Krishnakumar, Jaya (1); Chavez Juarez, Florian (2) (2017). 'An agent based modelling of multidimensional capabilities and an evaluation of their estimation by structural equation models' Paper presented at the annual conference of the HDCA, Cape Town 2017.
The empirical operationalisation remains a key challenge for the capability approach. Structural equation models (SEM) have been increasingly used to estimate the unobserved capabilities. However, the appropriateness of this approach still subject to discussion. In a previous study (Krishnakumar and Chávez Juárez, 2016, Social Indicators Research) we used an innovative approach to simulate a real life scenario using an agent-based model and then evaluate the performance of SEM methodology by comparing the estimates to the ‘true’ values we have previously simulated. Being the first one of its kind in this domain, the study was focussed on the suitability of the methodology for capturing capabilities, by adopting a relatively simplistic view of the real world: a single dimension of well-being namely education and some basic behavioural assumptions of the different agents.
In this study, we extend this previous work in two major directions that bring the model much closer to a real life situation. First, by adding the health and social relations dimensions and by introducing links among the different dimensions, thus obtaining a multidimensional model with three wellbeing dimensions. Second, we model this artificial world much closer to reality by calibrating many processes using actual data and by initiating the model with a true population. In this respect, we use the Mexican Family Life Survey to build our initial population and to estimate various phenomena we include in the model. These phenomena include the wage structure of the economy, the age-dependent health shocks, the education dependent fertility rates and so on. Finally, we also explore different ways of conceptualising capabilities in our modelling framework, and make comparisons among them. A first approach is based on the notion potential achievements, where we simulate both the actual outcome and simultaneously the potential outcome. We then consider the potential outcome as a measure of capabilities. The second approach is based on the notion of choices, where we capture for every period the set of choices individuals and families had. We also capture interaction effects among the different dimensions.
For the initialisation, we use information on the family structure, the type of locality where the family lives and individual level indicators such as age, education, cognitive abilities, gender, the role in the family and the type of school they are attending. Using this complete information enables us to start with a population that is very closed to the actual population in Mexico, including all the heterogeneities that might be present.
Once the model is initiated, education and health decisions are taken on an annual basis and the model is simulated for a long period of time. Our model contains an elaborate process of human capital accumulation by which previous human capital, health and cognitive abilities determine how much a child learns in a given school year.
The model reproduces several key distributions according to the observed data.

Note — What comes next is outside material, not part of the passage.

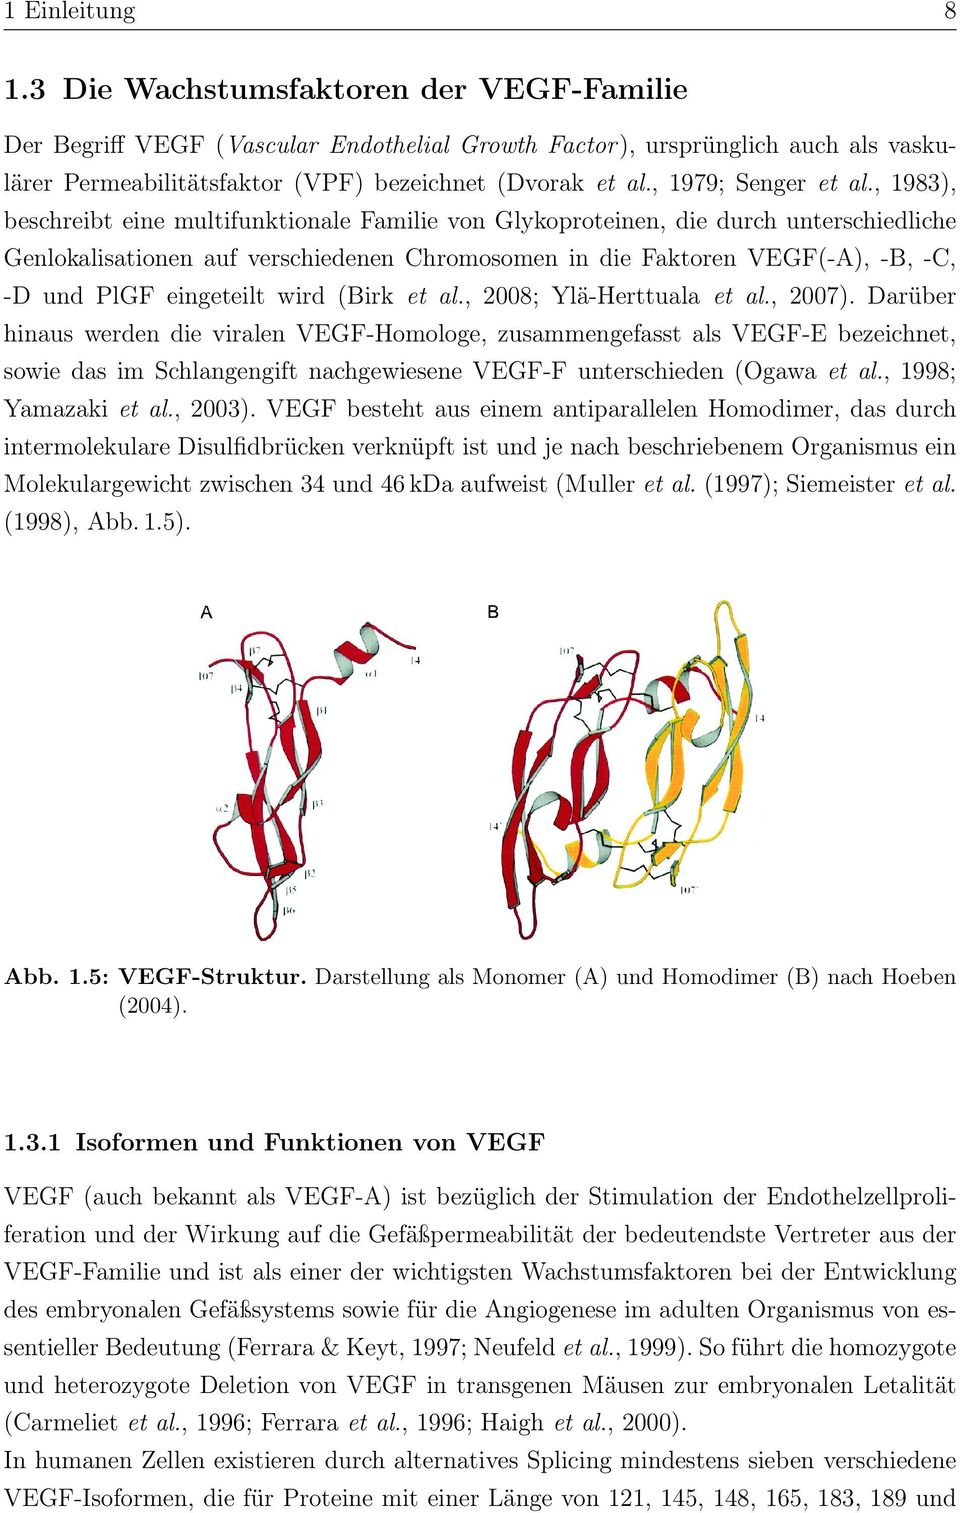 , 1983), beschreibt eine multifunktionale Familie von Glykoproteinen, die durch unterschiedliche Genlokalisationen auf verschiedenen Chromosomen in die Faktoren VEGF(-A), -B, -C, -D und PlGF

For instance, our implementation of the human capital accumulation reproduces the distribution of years of education quite coherently. The age structure of the population is also reproduced over the simulated periods. Overall, the data generated by the model looks very similar to actual data from a country like Mexico, with the important difference that we can also observe generally unobservable variables such as capabilities and sets of choices.
Several outcome indicators are being considered for representing functionnings, such as years of education, type of schooling and the number of repeated grades in the education dimension, the number and intensity of health shocks and the amount of health care expenditures in the health dimension, and the size and quality of the social networks for the social relations dimension. All these variables are generally available in real world data, but do not directly relate to capabilities.
We then use these indicators to estimate the underlying capabilities by the means of two econometric approaches. First, we use conventional latent variable models to estimate capabilities defined by the notion of potential achievements (e.g. potential human capital). Second, we use latent class models to estimate capabilities according to the set of choices approach. In both cases, we will then compare the estimated capabilities to the true (simulated) capabilities in our model and assess the quality of the estimation.
Currently we are programming the last details of the models and expect to have the econometric results by the end of April 2017. Based on some preliminary analyses and the insights from our previous study, we expect both approaches to provide good estimates of the underlying capabilities.